#### YOUR INSTRUCTIONS:
Your answer must be the data repeated exactly, with no pictures in it.

#### GIVEN MATERIAL:
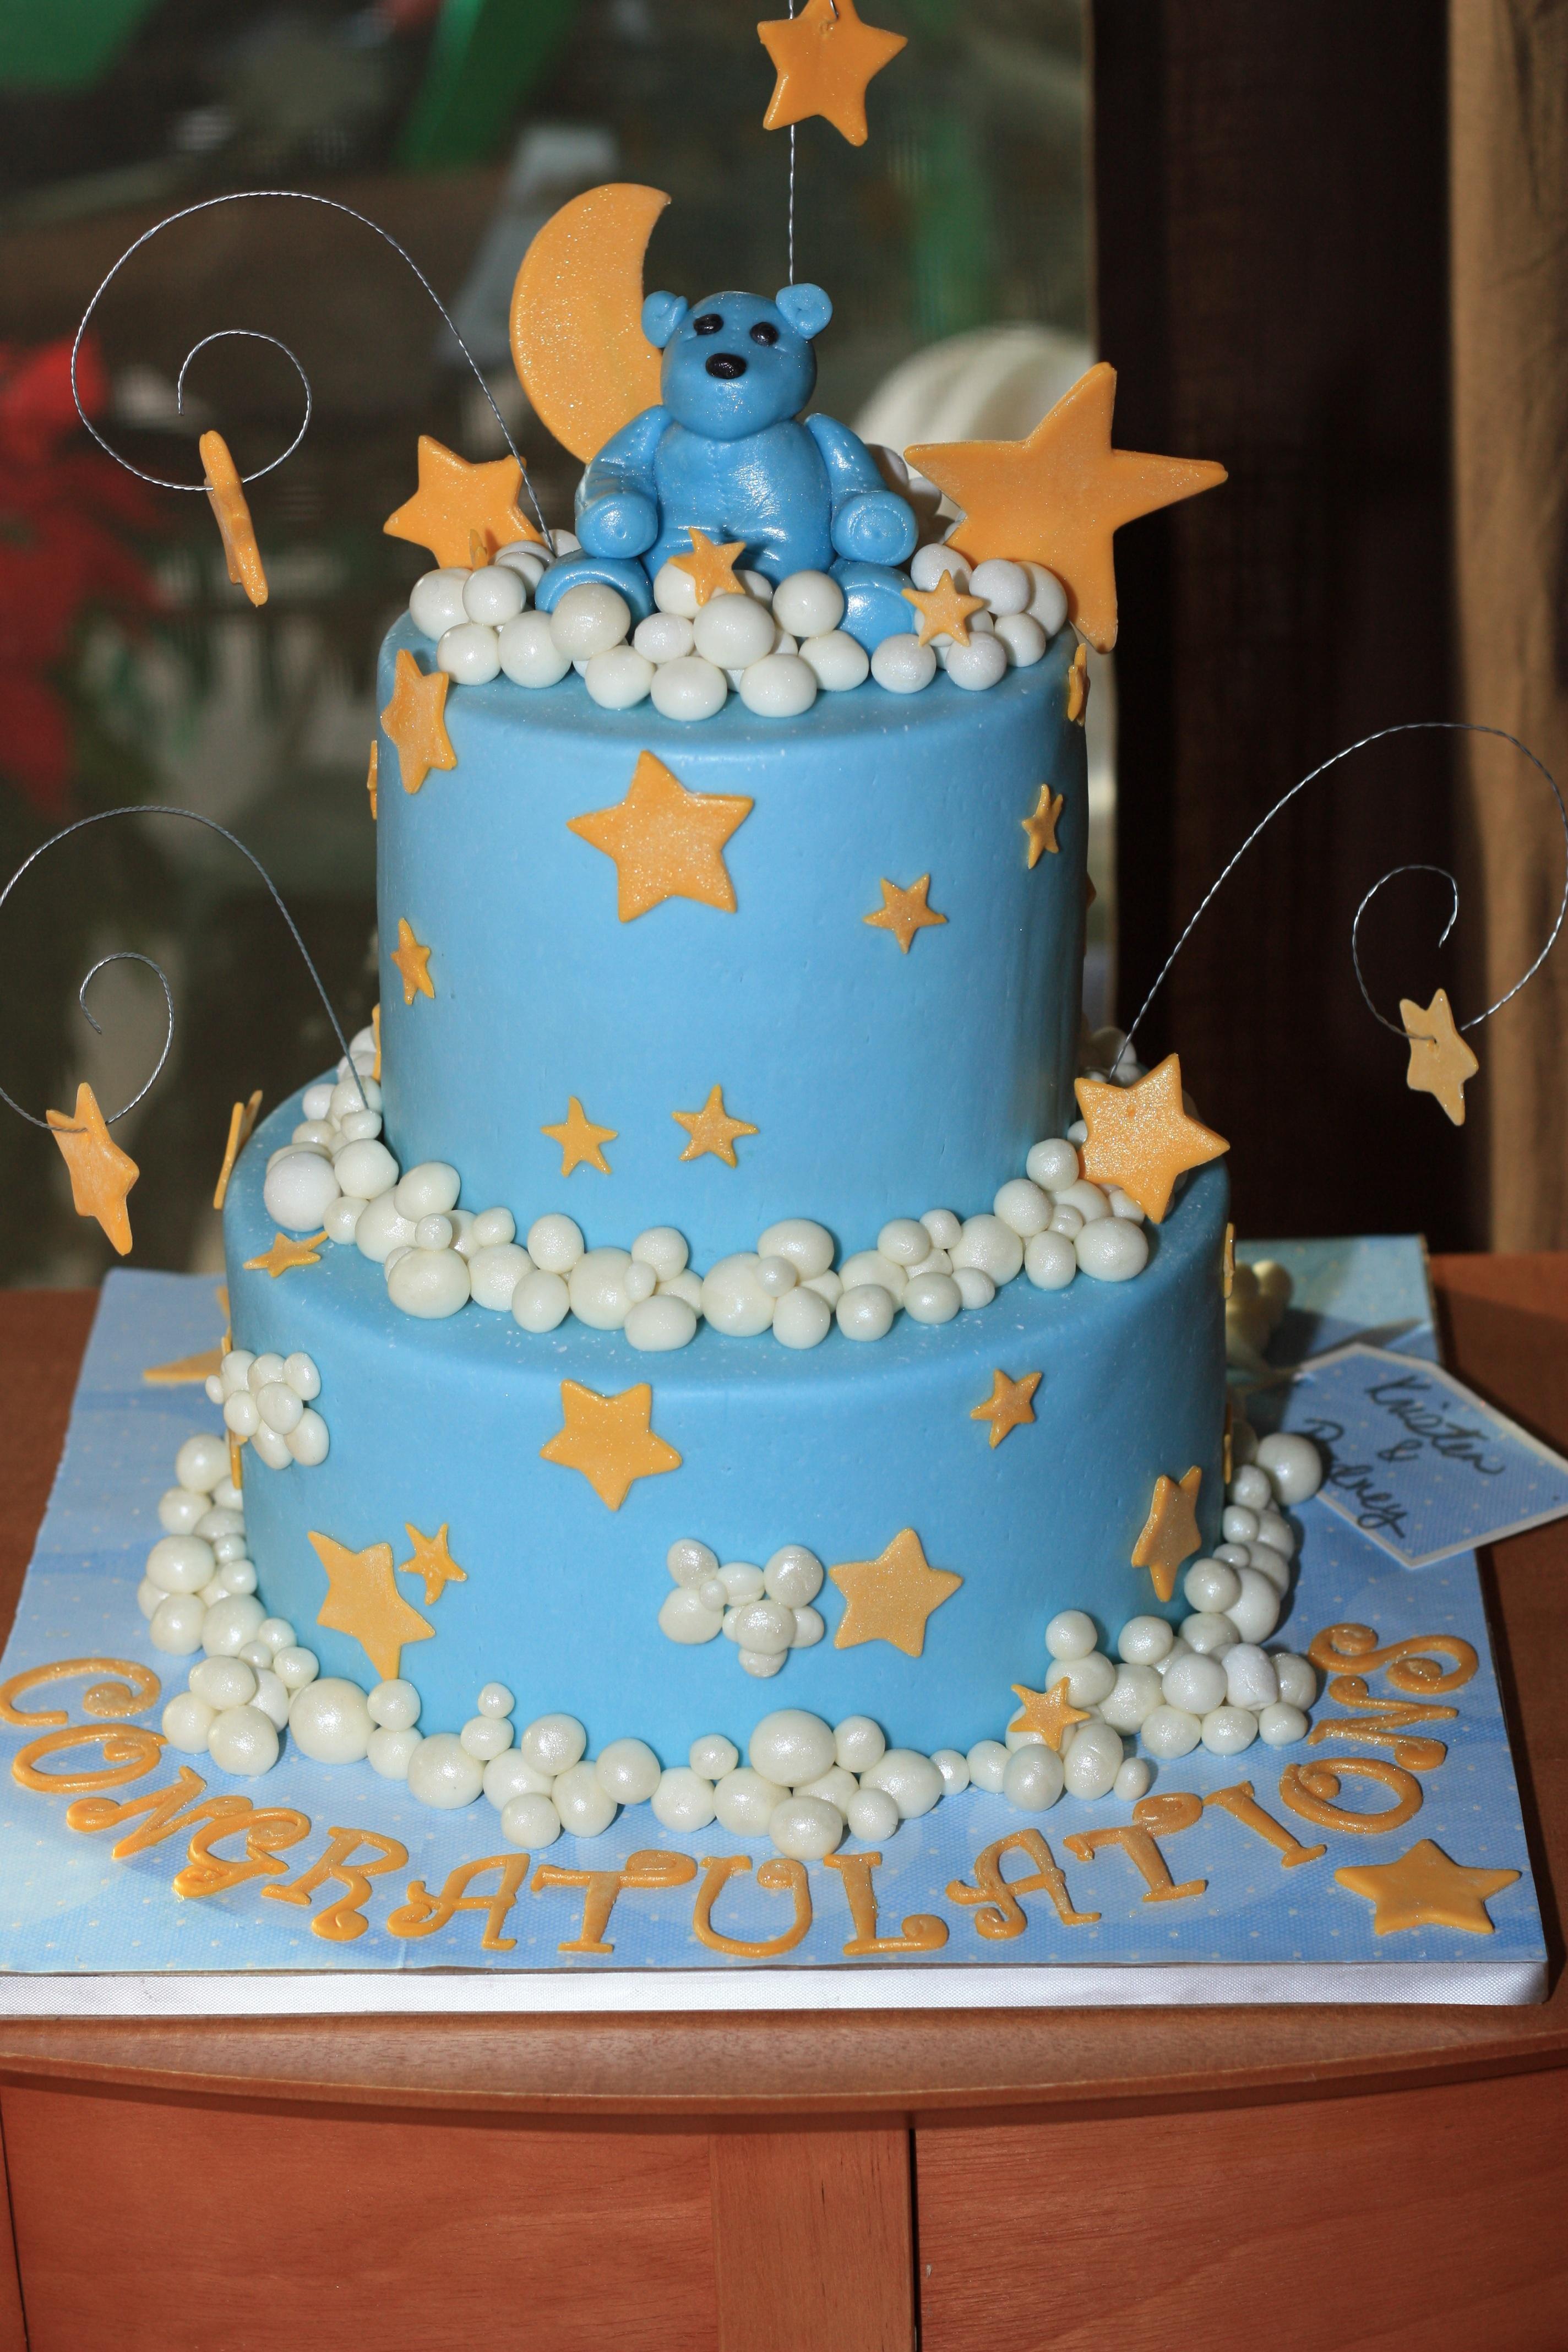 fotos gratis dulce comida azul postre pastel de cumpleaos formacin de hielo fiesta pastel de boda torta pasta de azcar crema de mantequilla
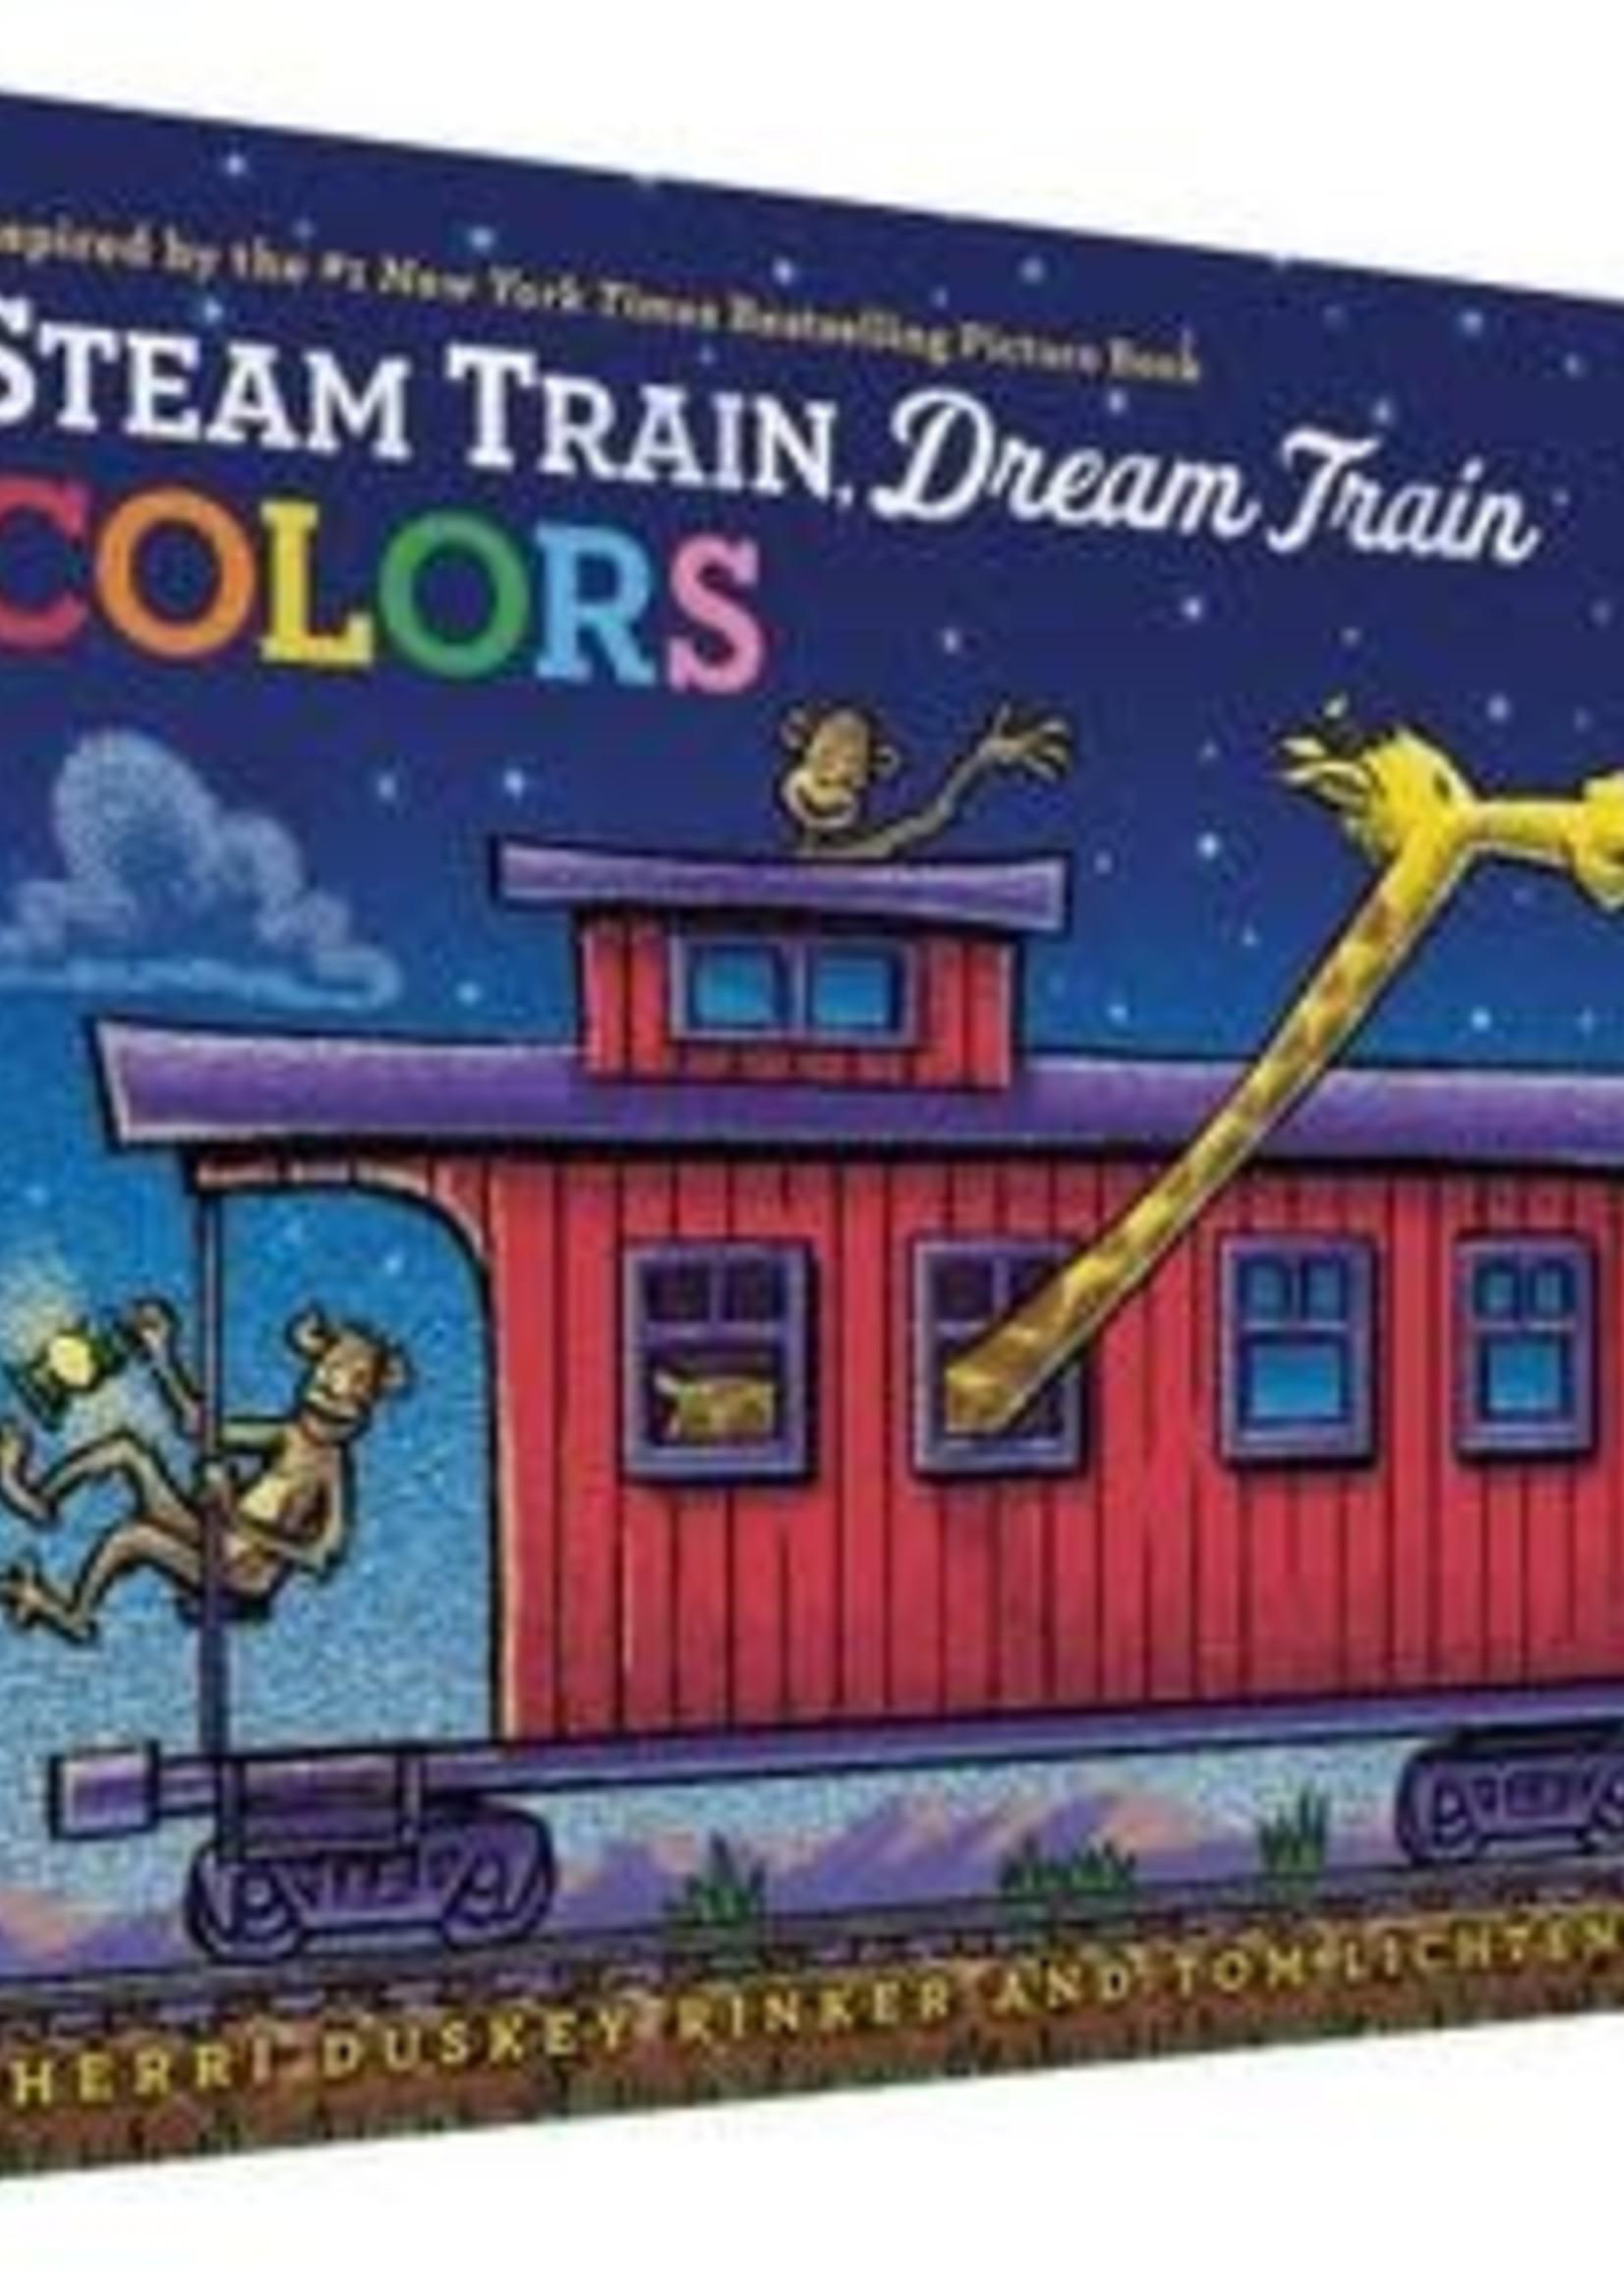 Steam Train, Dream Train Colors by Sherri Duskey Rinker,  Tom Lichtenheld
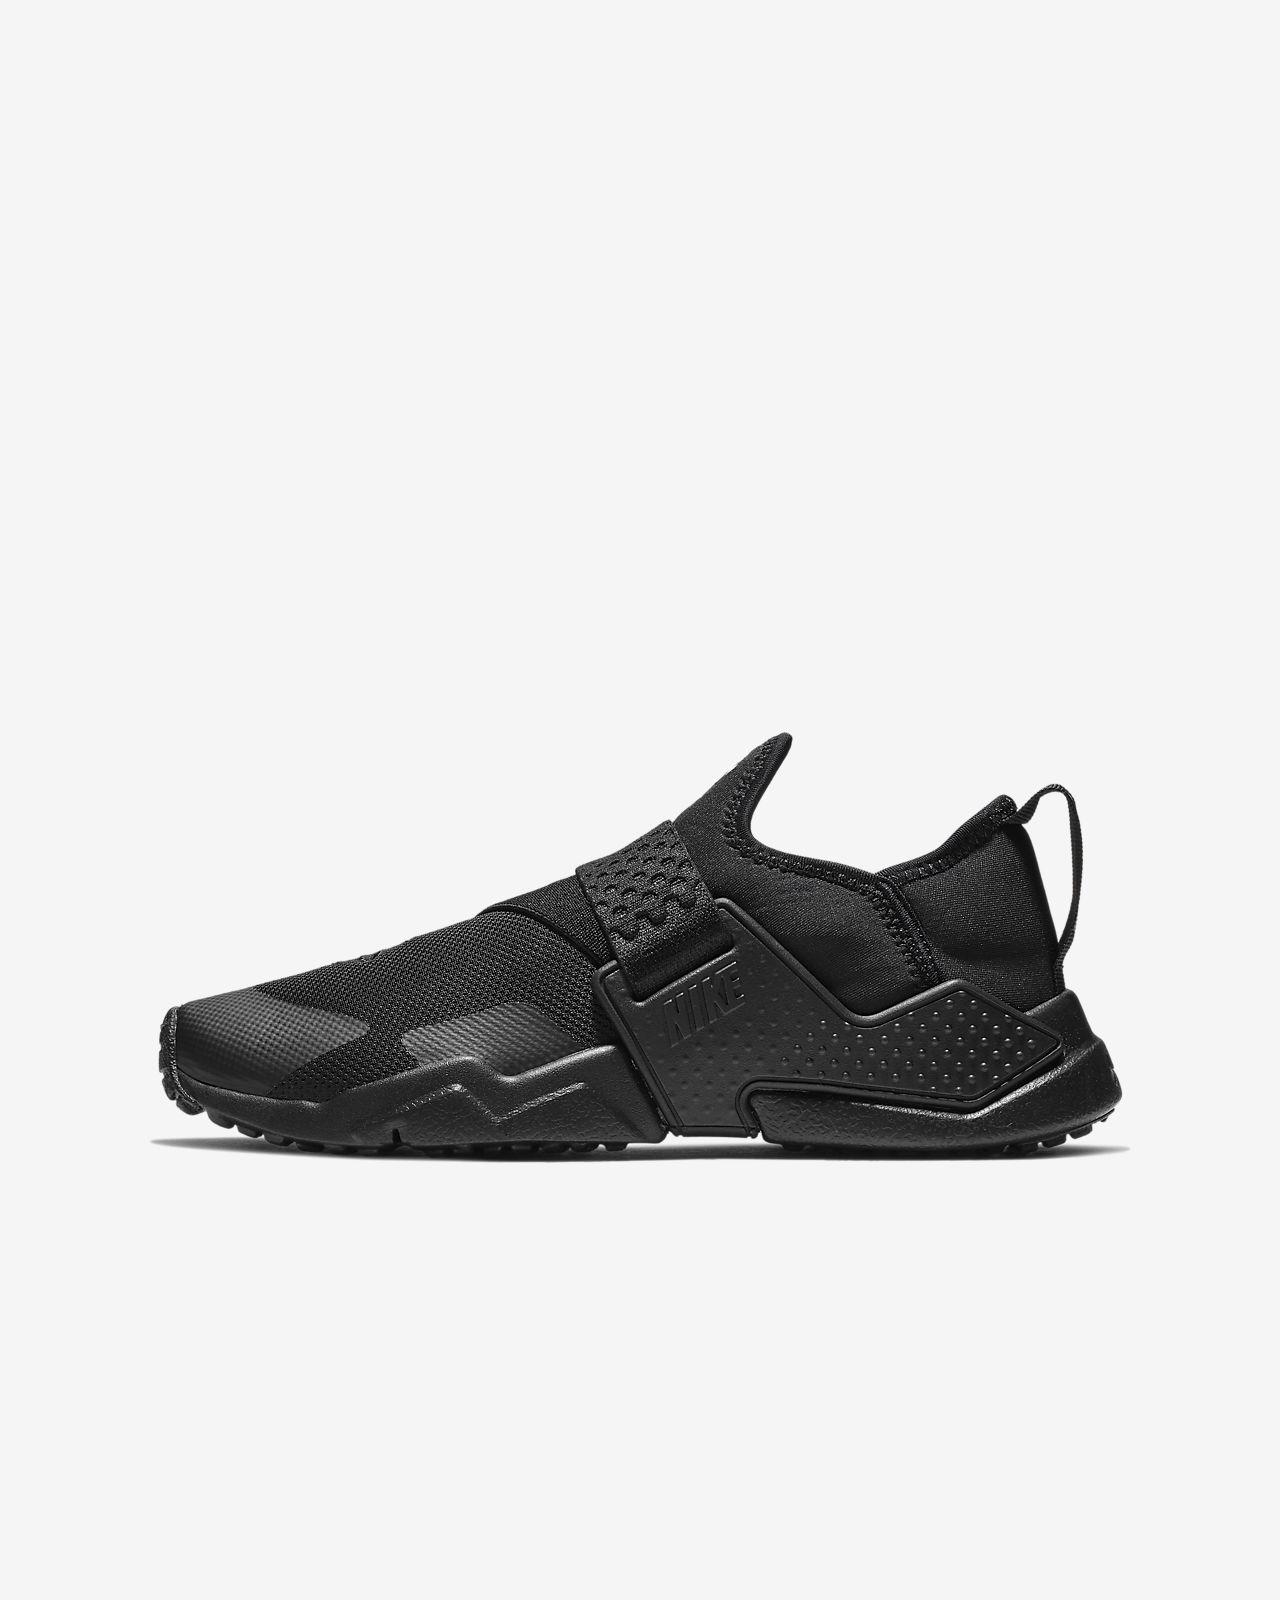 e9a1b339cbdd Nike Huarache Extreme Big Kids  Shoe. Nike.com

#### ANSWER AREA:
 fotos gratis dulce comida azul postre pastel de cumpleaos formacin de hielo fiesta pastel de boda torta pasta de azcar crema de mantequilla
 Steam Train, Dream Train Colors by Sherri Duskey Rinker,  Tom Lichtenheld
 e9a1b339cbdd Nike Huarache Extreme Big Kids  Shoe. Nike.com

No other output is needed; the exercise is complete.